What it’s like to be in love and not in love at the same time? I wonder does it taste like a coffee without sugar or a tea without milk?
As I sit here lost deep into my thoughts I picture your face. Your beautiful breath-takingly artistic face. Which features reminds me of the paintings of Ajanta caves. What a heart melting looks you have. The way your fingers locks into mine and the way you hold it tight to never let it go loose. I love that feeling, you know. Your precious smile carries all the weight off my shoulders and make me feel like flying in the air among the clouds. I wish to build a castle beneath there. The blue oceanic eyes of yours remind me of the geography classes I hated back in my school days, but only if they had talked about how magical your eyes are, I’m sure I’d have aced that subject.

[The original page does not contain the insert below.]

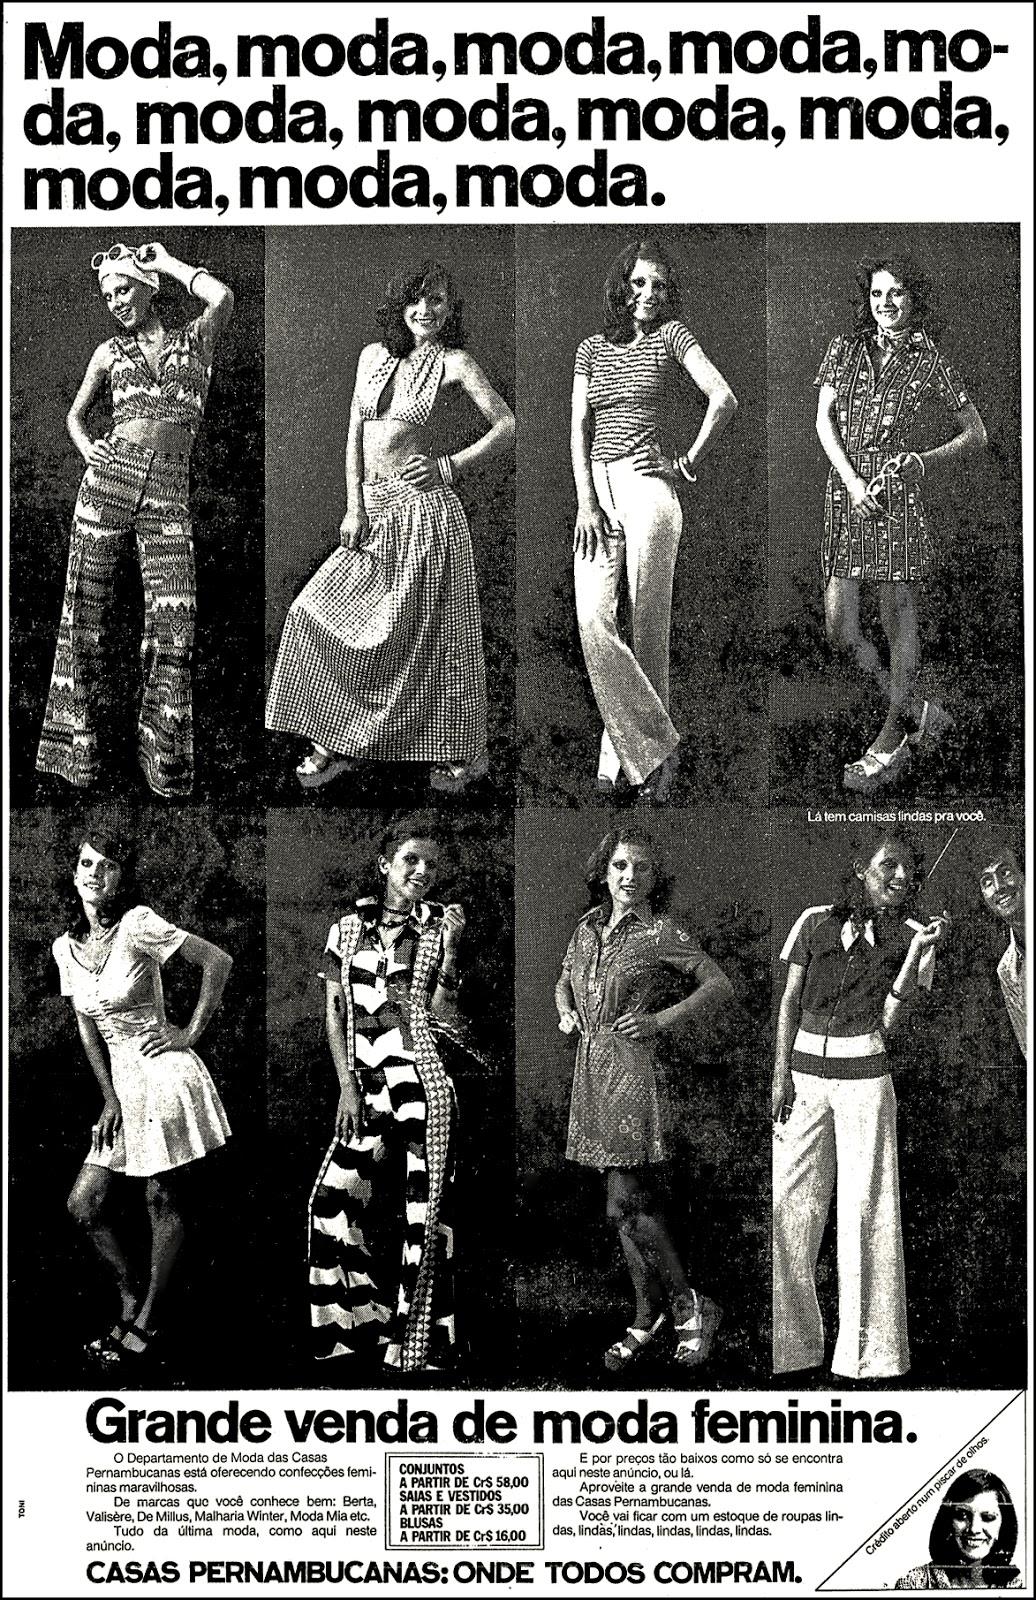 Propaganda antiga das Casas Pernambucanas com oferta de moda feminina em 1974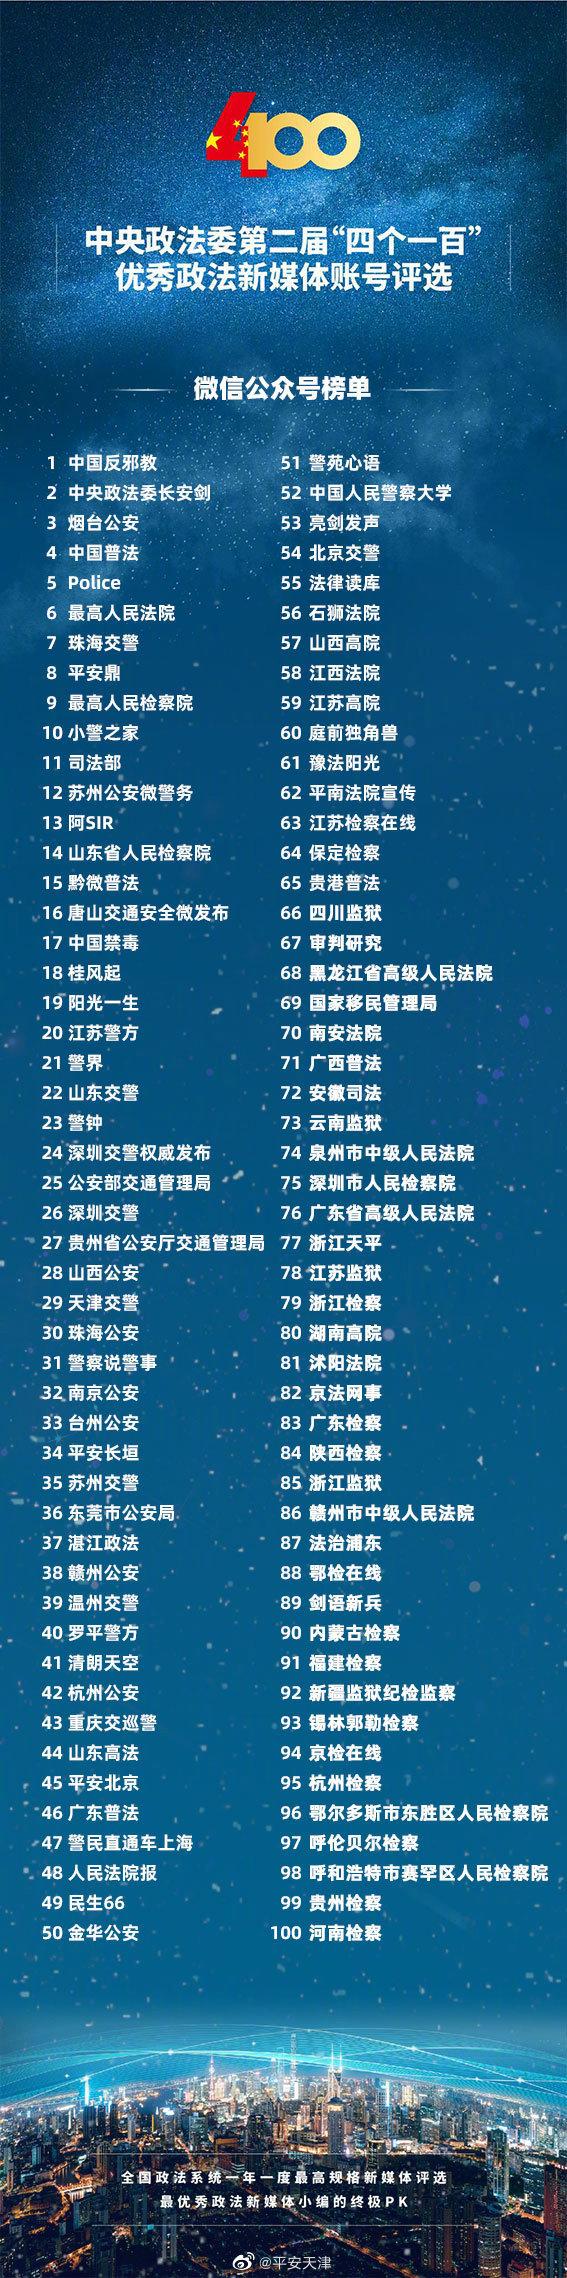 """重磅!中央政法委第二届""""四个一百""""优秀政法新媒体榜单发布"""

Your hair locks falling on your forehead and shining through the sunlight as if the sun has kissed your temple. The wide arms of yours strongly hold me into them. Why does it feel like a home to me? I want to fall into your arms every now and then, and again. Perhaps, keep falling in till I take my last breath in them. Your cologne is the scent I want to inhale and exhale all day long without a trace of guilt. Your lips are the coloured with the best paints of heaven. So bloody red that it makes my blood look thin and light.
Despite of everything, I still think do I really love you or solely addicted to the idea of being with you? My heart says it’s love, but my mind says it’s not. I can’t decide. All I know that I want you at the moment. I crave your existence more than anything right now. Your love gives me hope to go on with life no matter what happens. With you everyday is special.